Big Tech's onslaught of bots forces publishers to play an impossible game of Whac-A-Mole
In the battle to protect their valuable content from content-thirsty AI scraping bots, publishers have to rely upon a single text file for their defense.
For thirty years, the humble "robots.txt" file has been used by website owners to alert automated scrapers what content they will allow to be indexed, and what they want to keep out of search engines.
But since tech companies have been racing to ingest as much content as possible to train their AI models, the robots.txt file is also the only place content publishers can use to refuse being scraped and potentially used for AI training — if they know exactly what scrapers to block. Scrapers identify themselves using names like Google’s "googlebot,” Meta's "facebookbot,” or OpenAI's "gptbot,” which appear in the web page request's "user agent" description.
Publishers must now increasingly play a game of Whac-A-Mole to include new scrapers (like Meta recently let loose) in their robots.txt files to block the new bots as they pop up. Once a site has been scraped for AI training without permission, content owners have little recourse, other than the courts.
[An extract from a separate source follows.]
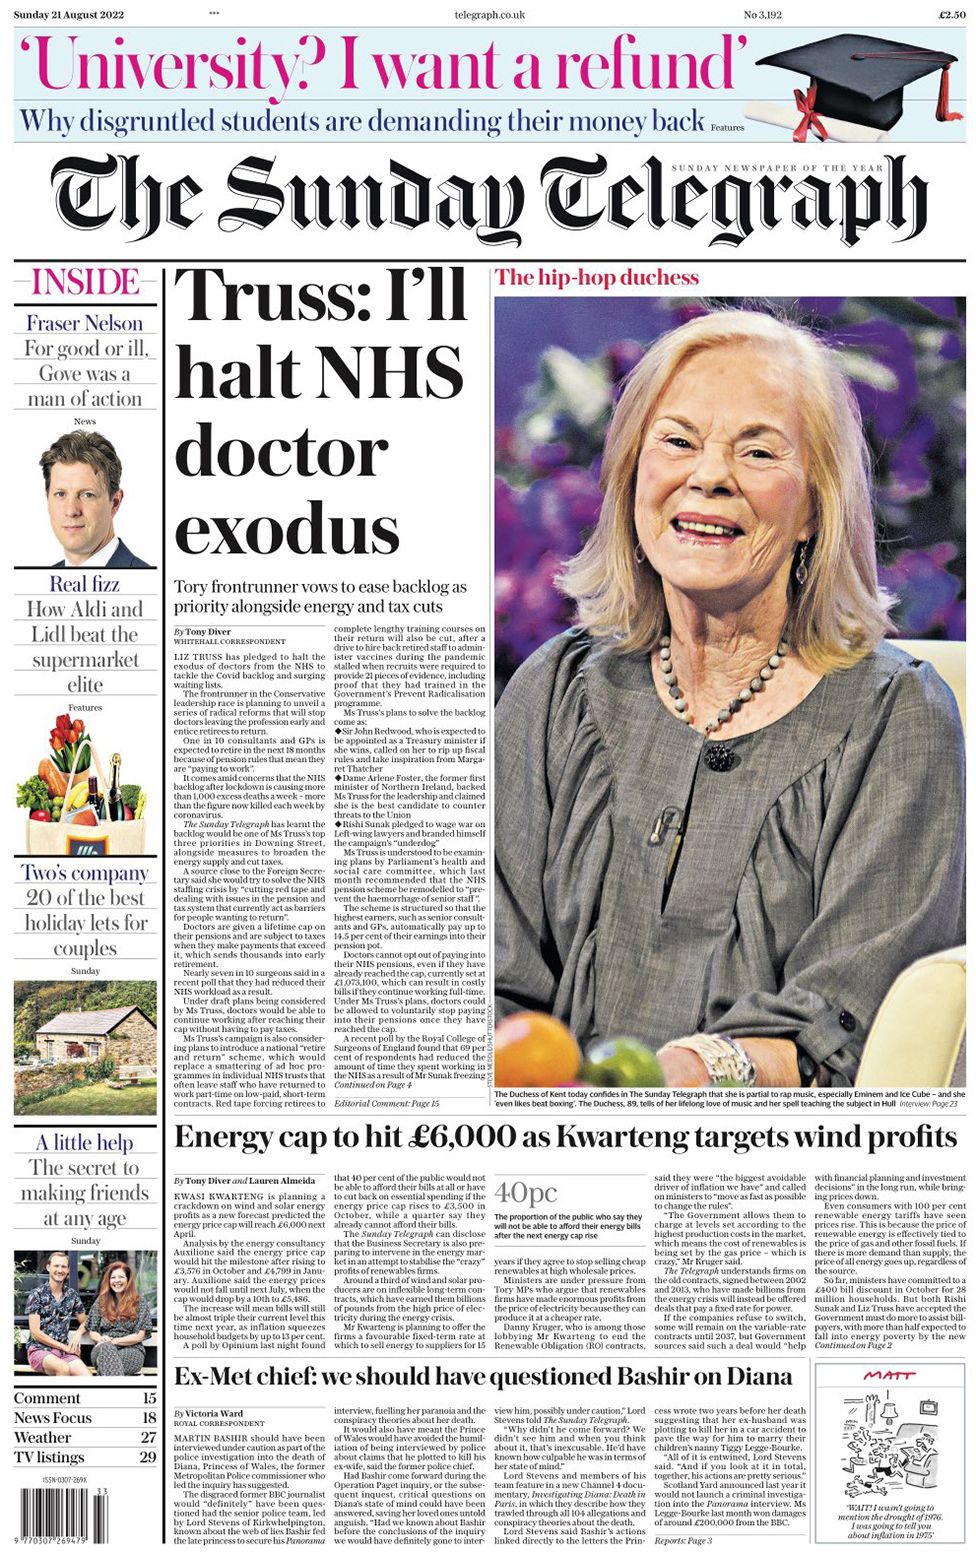 The Sunday Telegraph front page 21 August 2022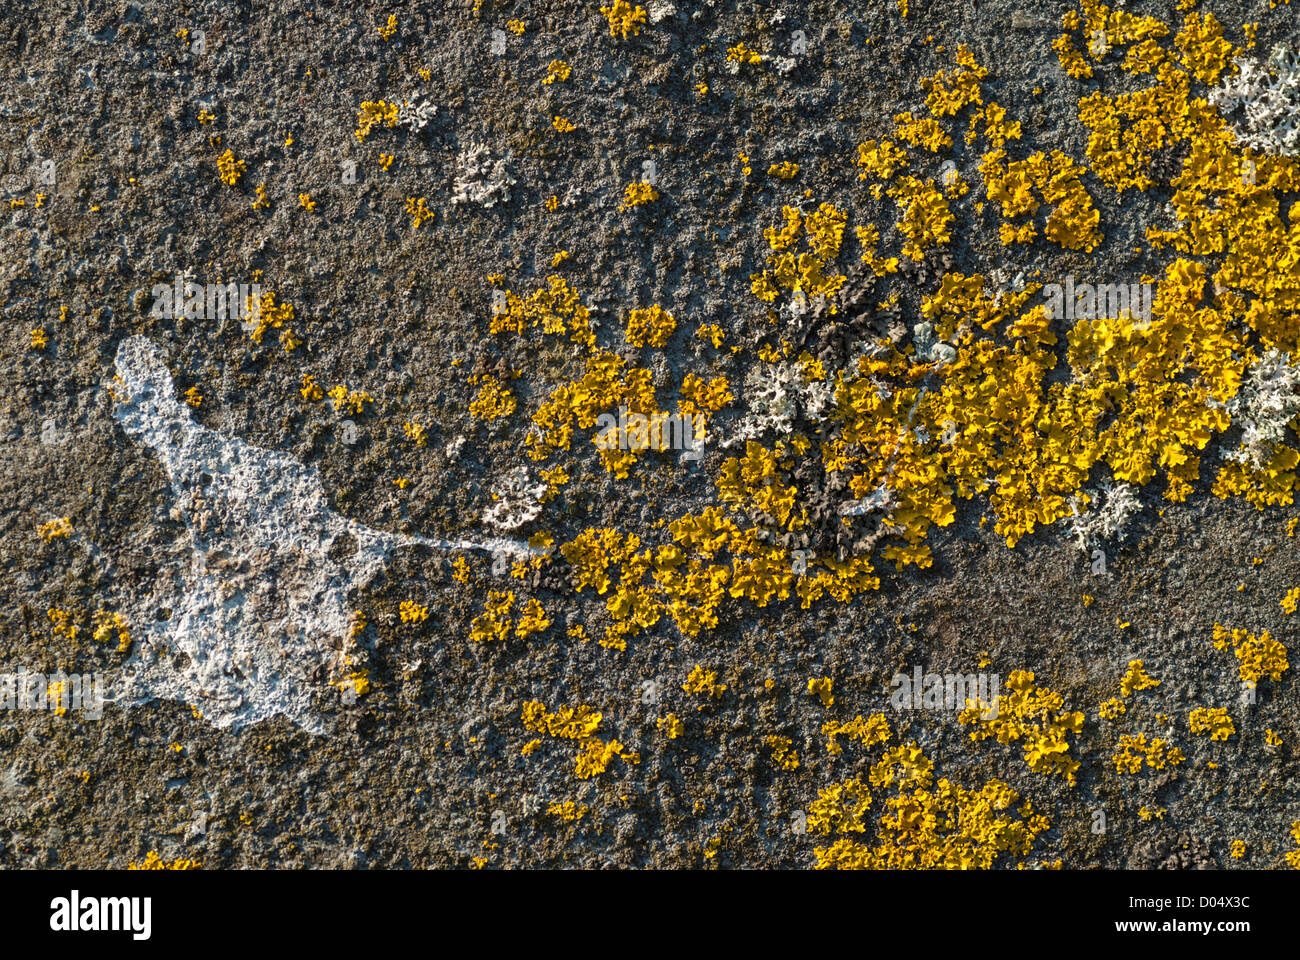 Lichens growing on an asphalt roof in Cardiff including bright yellow Xanthoria aureola, here with a splash of a bird dropping. Stock Photo

Data journalist Ben Welsh's homepages.news project collects automated snapshots of top news websites, as well as the contents of their robots.txt files. In a recent sample of Welsh's data from Aug. 16-17, about 40% of top news sites blocked all scrapers. The most blocked scraper was OpenAI's "gptbot,” with about 24% of the news sites blocking it. Meta's new "Meta-ExternalAgent" bot, which appeared in July was only blocked by around 17% of sites.
Earlier this year, Reuters Institute published a report that found by the end of 2023, 79% of US-based news websites were blocking OpenAI's bot.
The entire mechanism of the robots.txt file is voluntary, and many companies have been caught ignoring them altogether. If a company decides to change the name of their bot, or release a new one without their name in the text, publishers may not know to block it.